I'm also a million times happier. I hated my job and would dread going in every week. I ran a busy high street shop for a few pence more an hour than the sales assistants' pay, because management didn't work on the day I did.

I now get to enjoy a day out with DP and DS every week. DP really looks forward to our family day each week and I'm really happy with the decision we made. £200 a month couldn't buy that happiness.

Just to add - working more than part-time was never an option for me. I earned approx £7 an hour. Childminders in our area charge £6. Add on the hour either end of the working day that I would have to pay plus the train fare, I would actually be making a loss by working. And when I say I, I mean we. It doesn't matter if I solely paid for it or if DP and I spilt the amount. It's still exactly the same amount of money coming out of the pot.

Greengrow · 07/09/2014 11:45

Give, that seems to work for you. Sounds good.
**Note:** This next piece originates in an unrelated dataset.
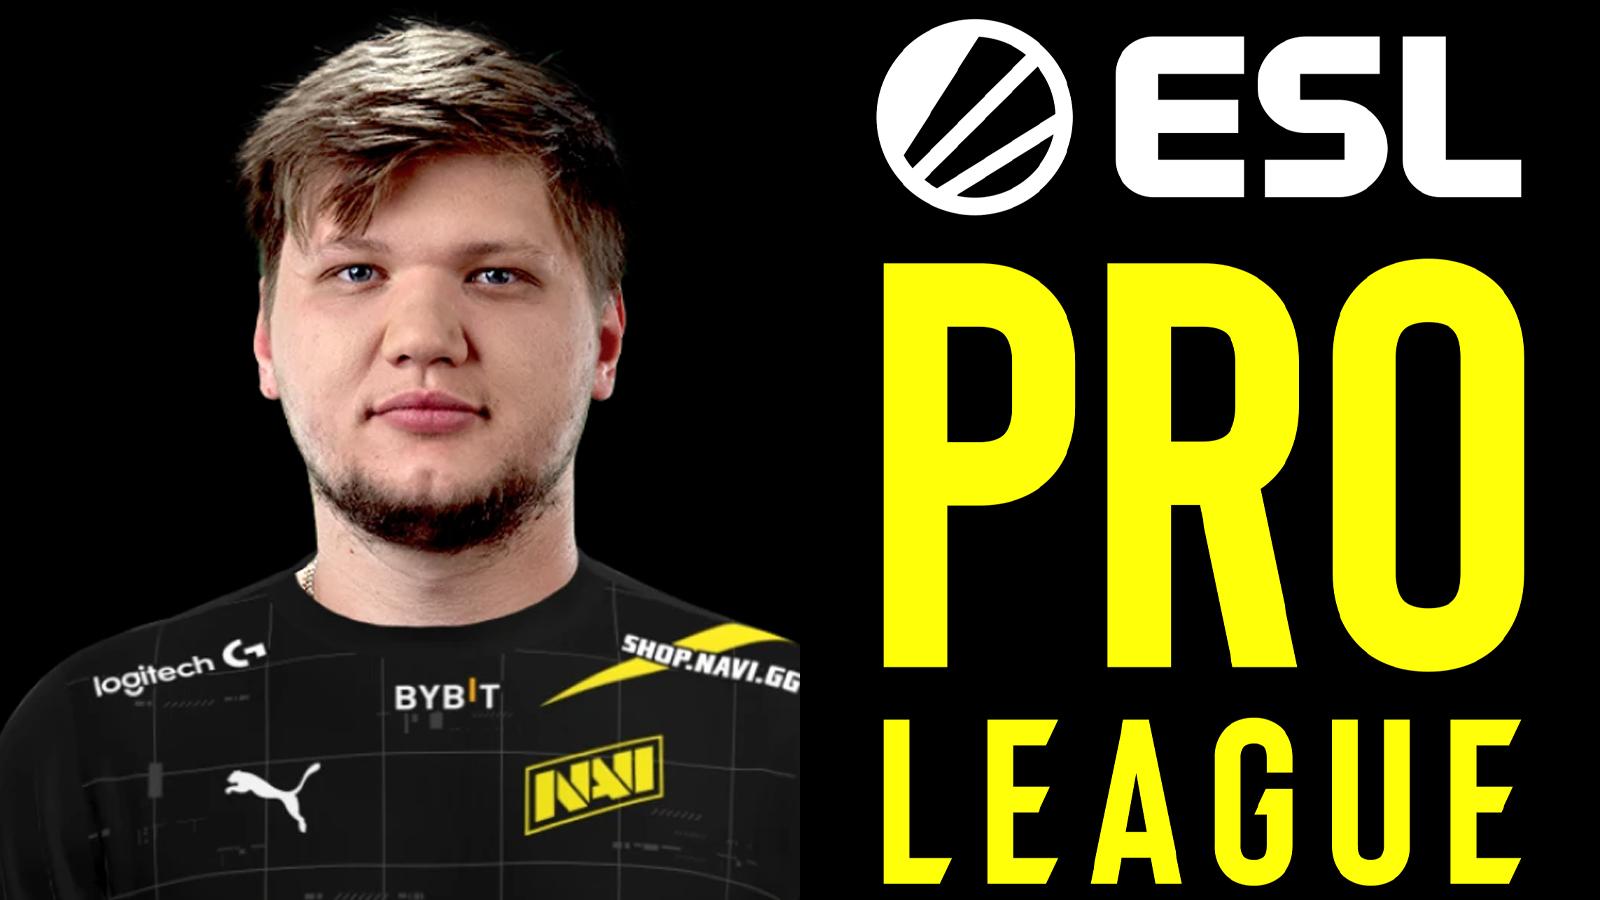 An image of s1mple and ESL pro league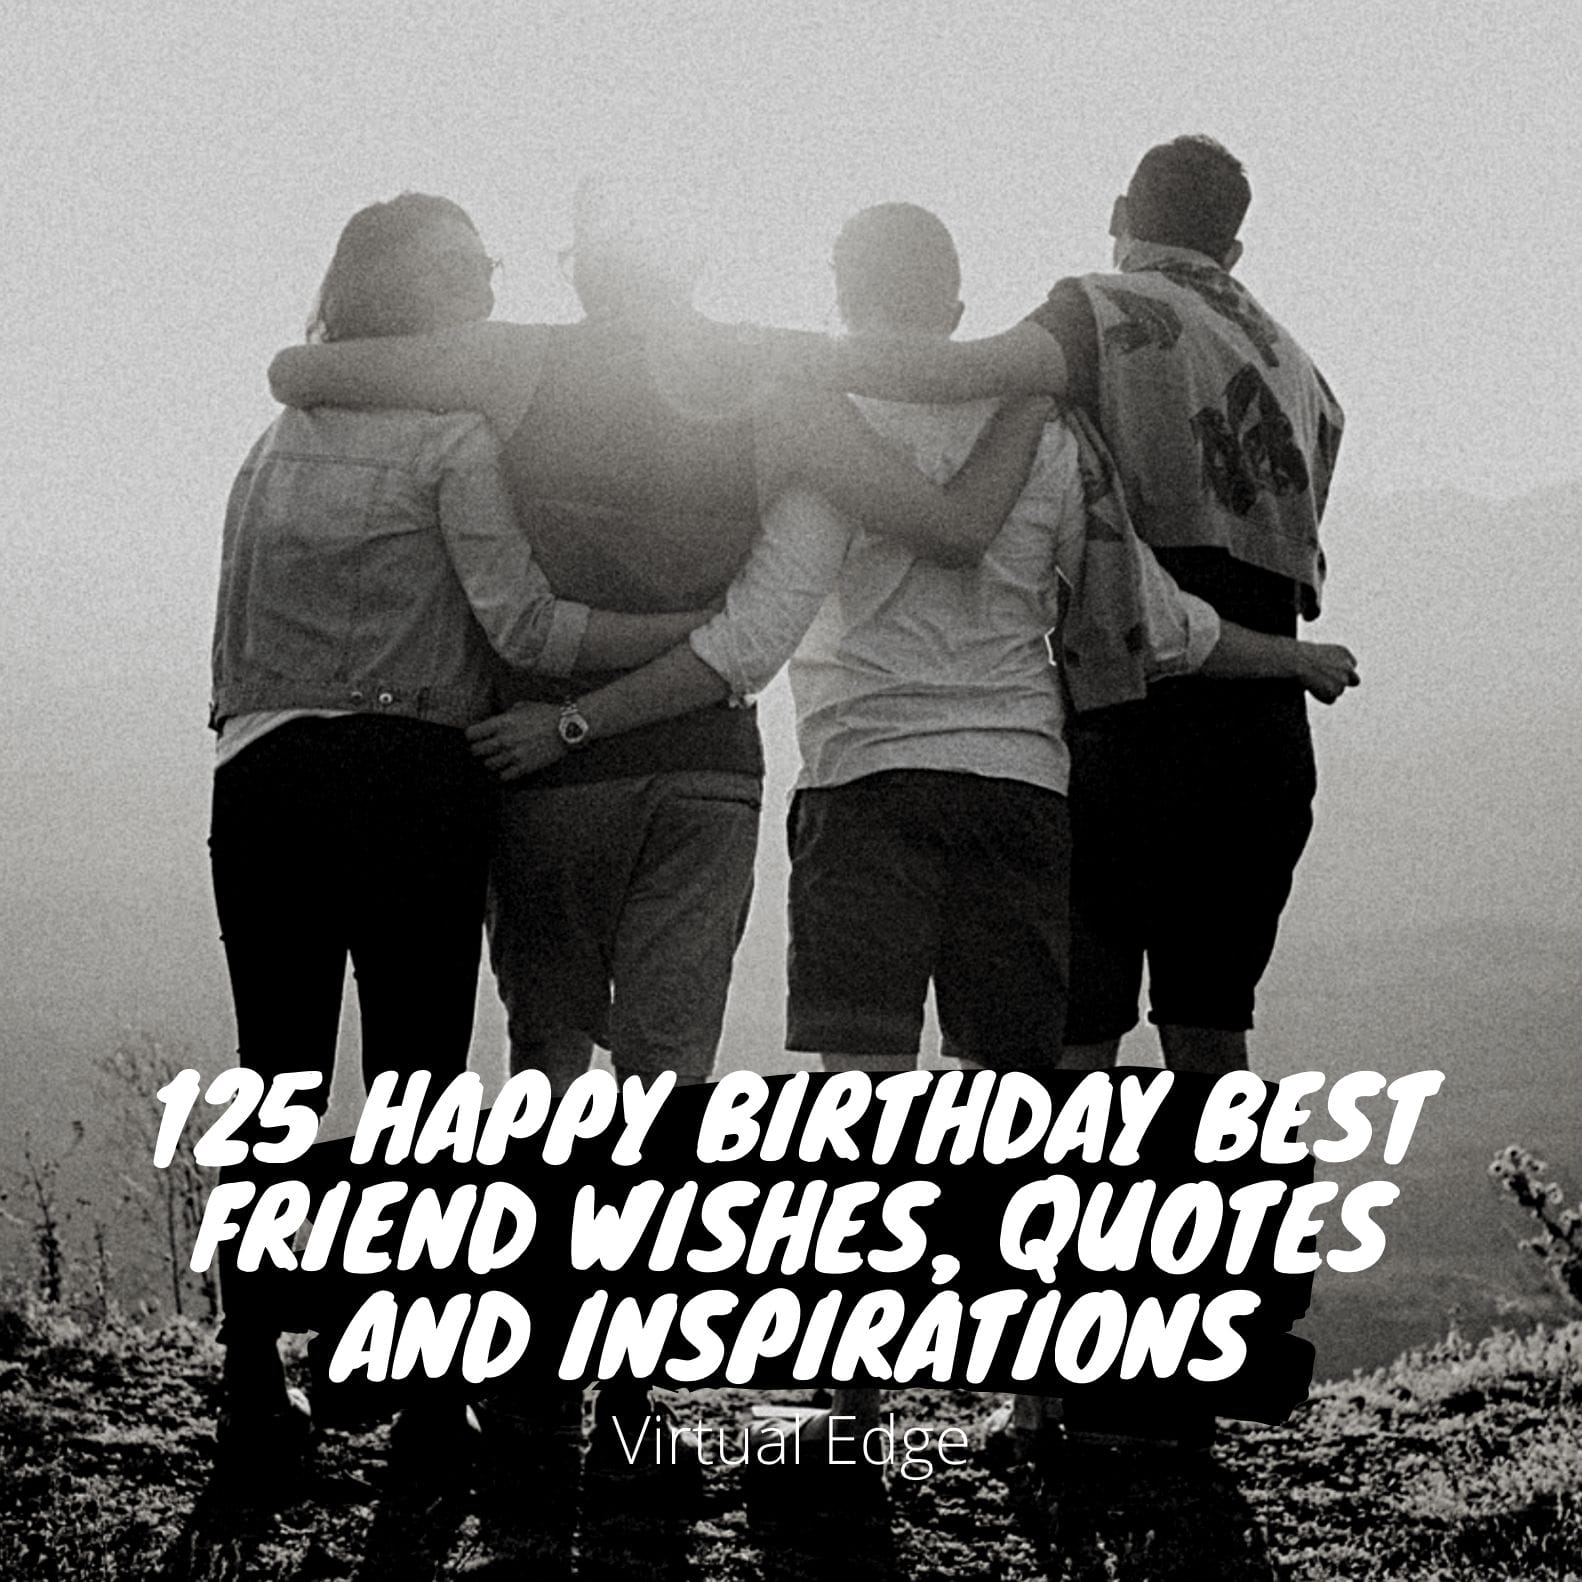 125 Happy Birthday Best Friend Wishes, Quotes and Inspirations

Why does your husband earn £32k and you could not earn more than £7 an hour ir £15k a year? Does that reflect the exam results you both got at school or sexism in your family or your career choice as a teenager? Or is he just twice as talented as you are so earns double the pay you could?

Beastofburden · 07/09/2014 11:47

ssd start from the other end. Think what job you want and train for it.

Go and talk to a recruitment agency like Reed accounting and ask them what training would mean they could place you in a job, easy peasy, round where you live. Then do that. Reed run a lot themselves and wil no doubt try to steer you towards their own brand, but I think it's OK.

You could either do book keeping, or you could do accountancy in various flavours, or you could do business administration. But decide based on the job you want and what sells best given the rest of your CV- don't just guess.

Beastofburden · 07/09/2014 11:48

give what you are doing sounds great. In your shoes I would have a ten year plan for making sure that I can get back into paid work when I want to- that doesn't mean now. I loved my seven years SAHM and have never regretted them.